Task directions =
Reproduce the material below only from the line with "Valérie Plante a" to the line with "Norma Duval en", both included, keeping each line exact and dropping the pictures.

Information =
__________

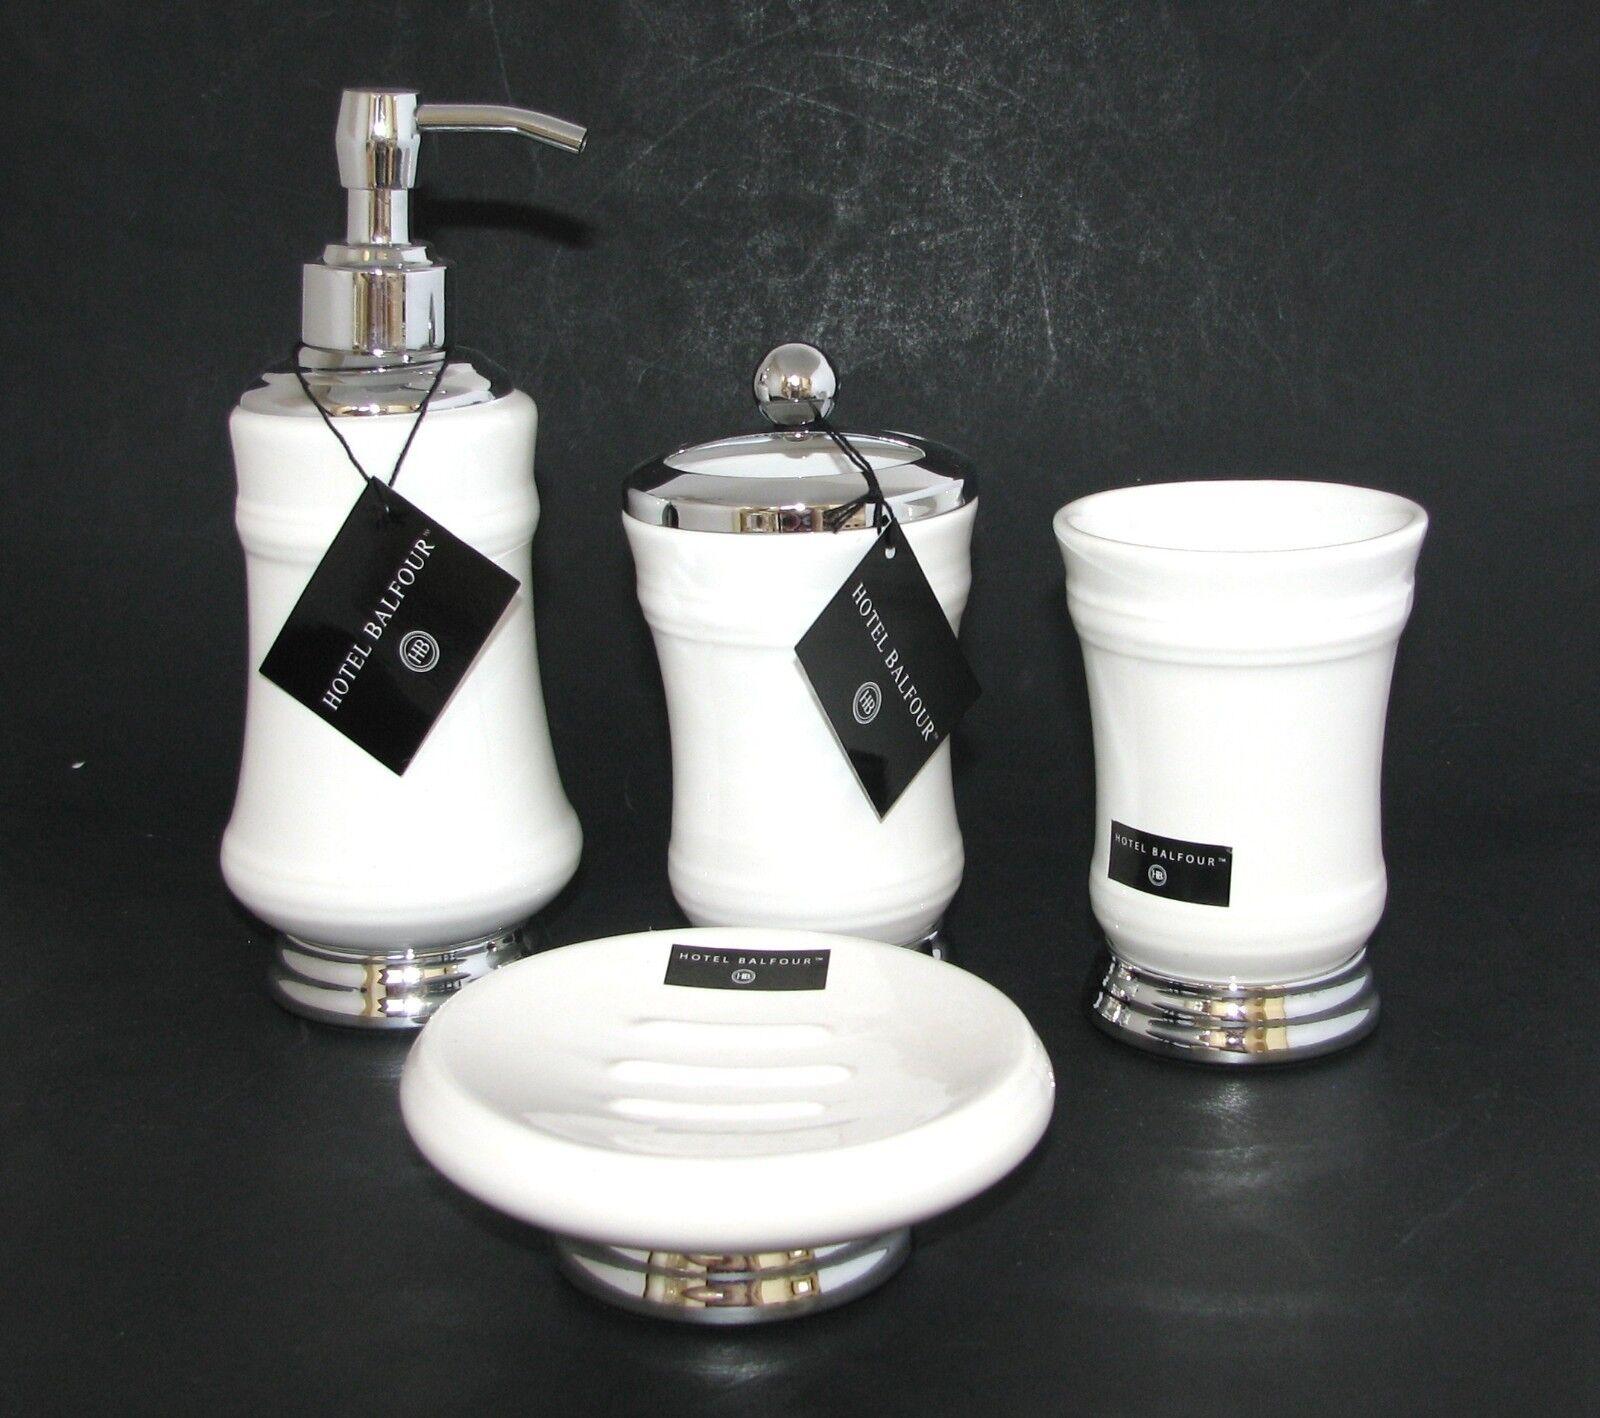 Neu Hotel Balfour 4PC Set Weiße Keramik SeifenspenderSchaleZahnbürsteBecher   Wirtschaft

__________

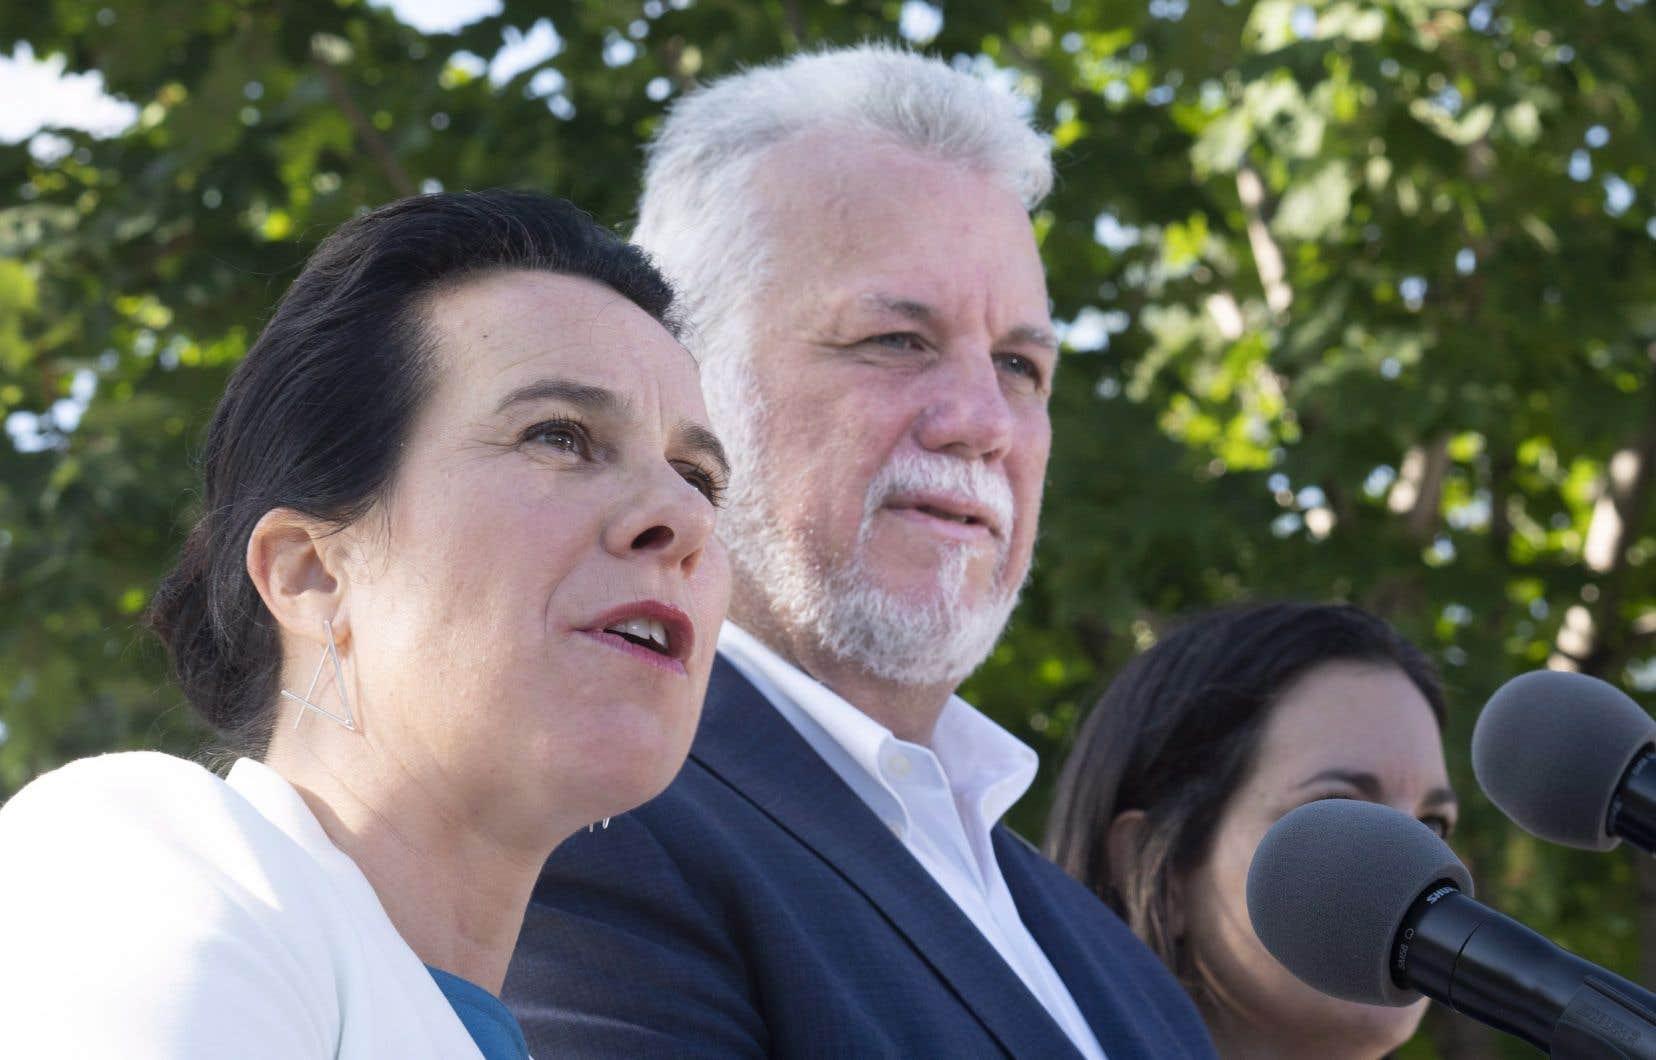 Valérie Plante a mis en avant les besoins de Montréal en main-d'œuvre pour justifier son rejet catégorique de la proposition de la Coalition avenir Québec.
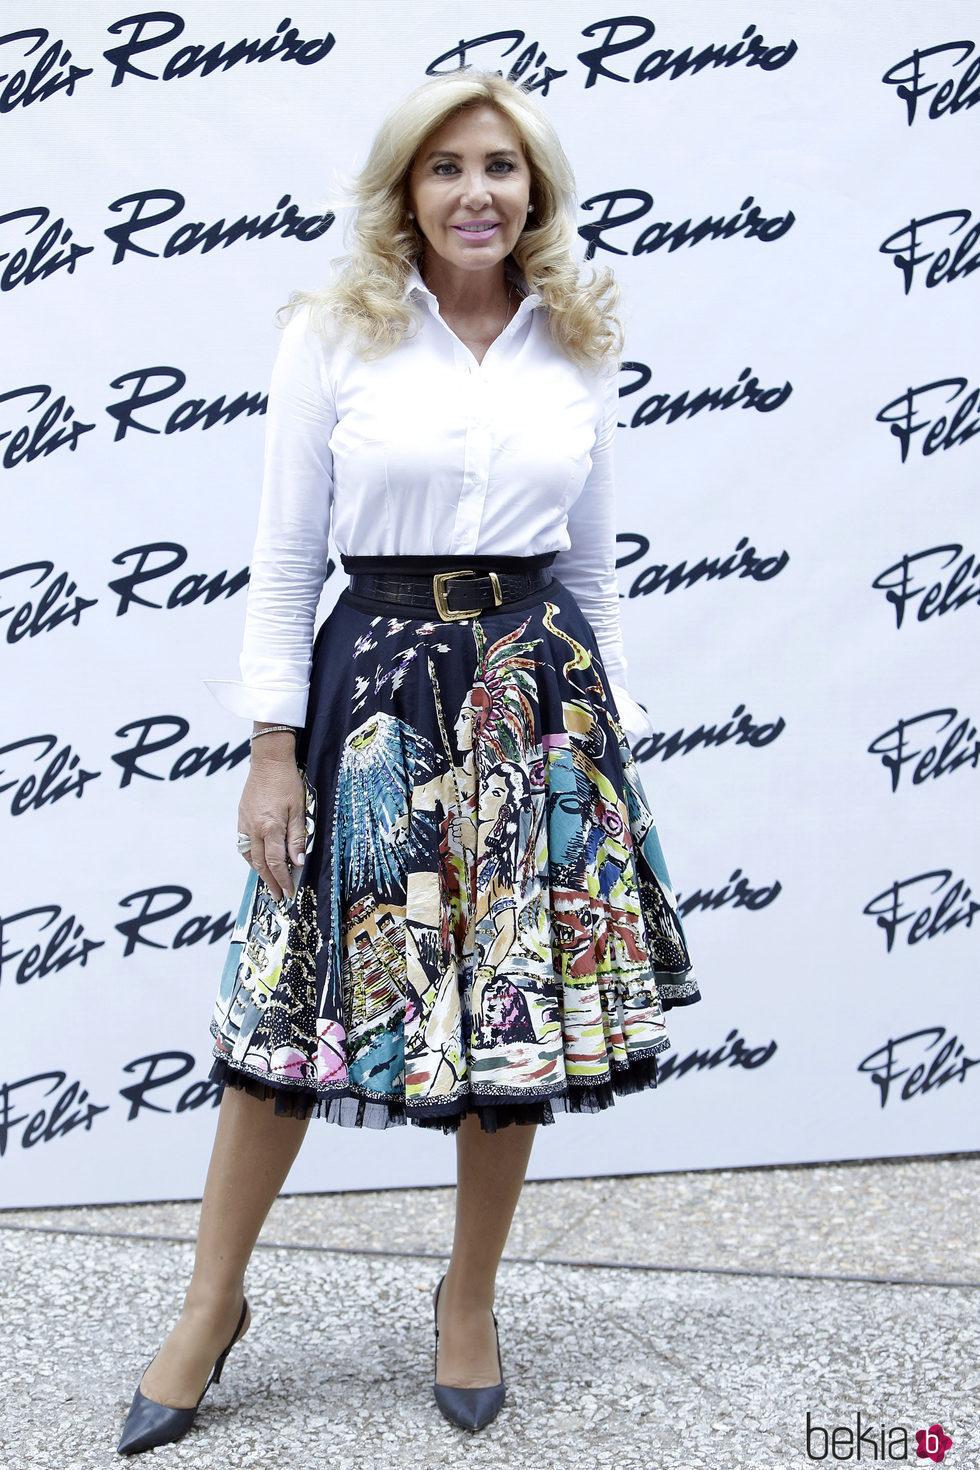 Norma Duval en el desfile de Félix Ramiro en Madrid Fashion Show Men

__________

Your solution =
 Valérie Plante a mis en avant les besoins de Montréal en main-d'œuvre pour justifier son rejet catégorique de la proposition de la Coalition avenir Québec.
 Norma Duval en el desfile de Félix Ramiro en Madrid Fashion Show Men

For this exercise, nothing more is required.